Paste the key value to the file created in the previous step.
Set proper access rights to the file. The user should be the only one who can read the file—others may not have any access rights.

15.1.3 Mount CephFS #

You can mount CephFS with the mount command. You need to specify the monitor host name or IP address. Because the cephx authentication is enabled by default in SUSE Enterprise Storage 5.5, you need to specify a user name and their related secret as well:

root # mount -t ceph ceph_mon1:6789:/ /mnt/cephfs \
 -o name=admin,secret=AQATSKdNGBnwLhAAnNDKnH65FmVKpXZJVasUeQ==

As the previous command remains in the shell history, a more secure approach is to read the secret from a file:

root # mount -t ceph ceph_mon1:6789:/ /mnt/cephfs \
 -o name=admin,secretfile=/etc/ceph/admin.secret

Note that the secret file should only contain the actual keyring secret. In our example, the file will then contain only the following line:

AQATSKdNGBnwLhAAnNDKnH65FmVKpXZJVasUeQ==

Tip: Specify Multiple Monitors

It is a good idea to specify multiple monitors separated by commas on the mount command line in case one monitor happens to be down at the time of mount. Each monitor address takes the form host[:port]. If the port is not specified, it defaults to 6789.

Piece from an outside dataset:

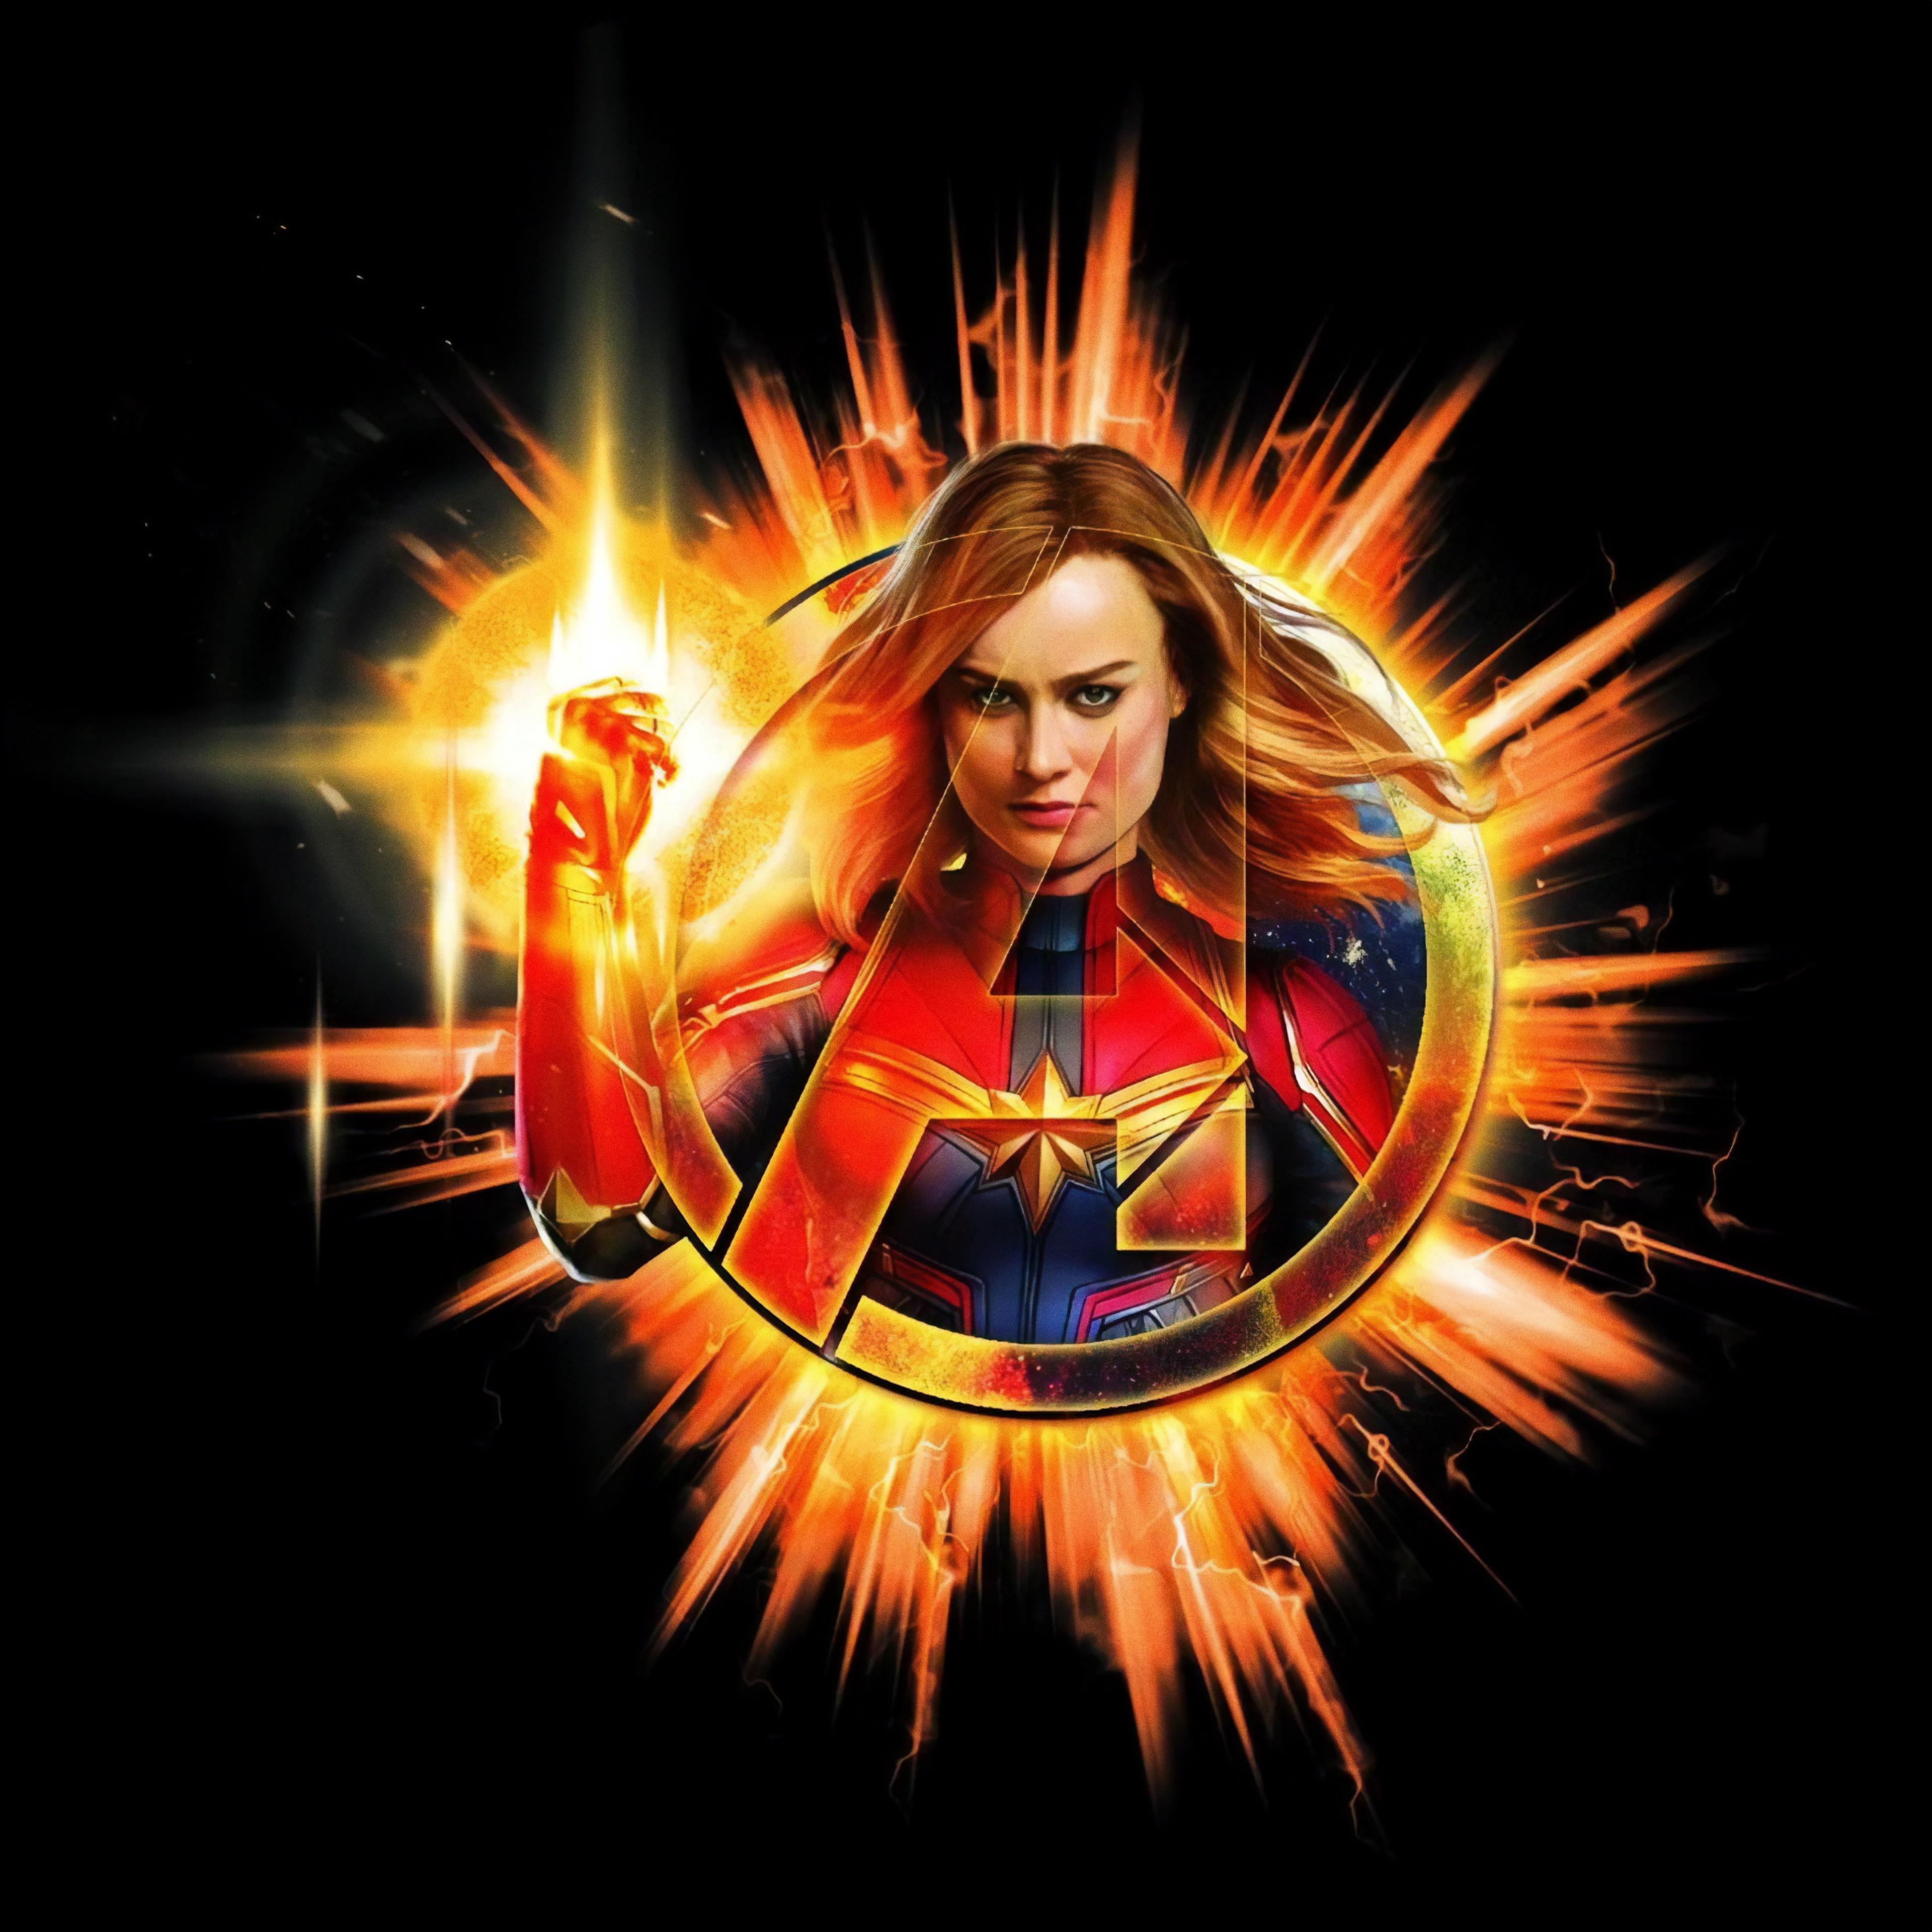 Captain Marvel Avengers EndGame 2019 4k, HD Movies, 4k

Create the mount point on the local host:

root # mkdir /mnt/cephfs

Mount the CephFS:

root # mount -t ceph ceph_mon1:6789:/ /mnt/cephfs \
 -o name=admin,secretfile=/etc/ceph/admin.secret

A subdirectory subdir may be specified if a subset of the file system is to be mounted:

root # mount -t ceph ceph_mon1:6789:/subdir /mnt/cephfs \
 -o name=admin,secretfile=/etc/ceph/admin.secret

You can specify more than one monitor host in the mount command:

root # mount -t ceph ceph_mon1,ceph_mon2,ceph_mon3:6789:/ /mnt/cephfs \
 -o name=admin,secretfile=/etc/ceph/admin.secret

Important: Read Access to the Root Directory

If clients with path restriction are used, the MDS capabilities need to include read access to the root directory. For example, a keyring may look as follows:

client.bar
 key: supersecretkey
 caps: [mds] allow rw path=/barjail, allow r path=/
 caps: [mon] allow r
 caps: [osd] allow rwx

The allow r path=/ part means that path-restricted clients are able to see the root volume, but cannot write to it. This may be an issue for use cases where complete isolation is a requirement.

15.2 Unmounting CephFS #

To unmount the CephFS, use the umount command:

root # umount /mnt/cephfs

15.3 CephFS in `/etc/fstab` #

To mount CephFS automatically upon client start-up, insert the corresponding line in its file systems table /etc/fstab:

mon1:6790,mon2:/subdir /mnt/cephfs ceph name=admin,secretfile=/etc/ceph/secret.key,noatime,_netdev 0 2

15.4 Multiple Active MDS Daemons (Active-Active MDS) #

CephFS is configured for a single active MDS daemon by default. To scale metadata performance for large-scale systems, you can enable multiple active MDS daemons, which will share the metadata workload with one another.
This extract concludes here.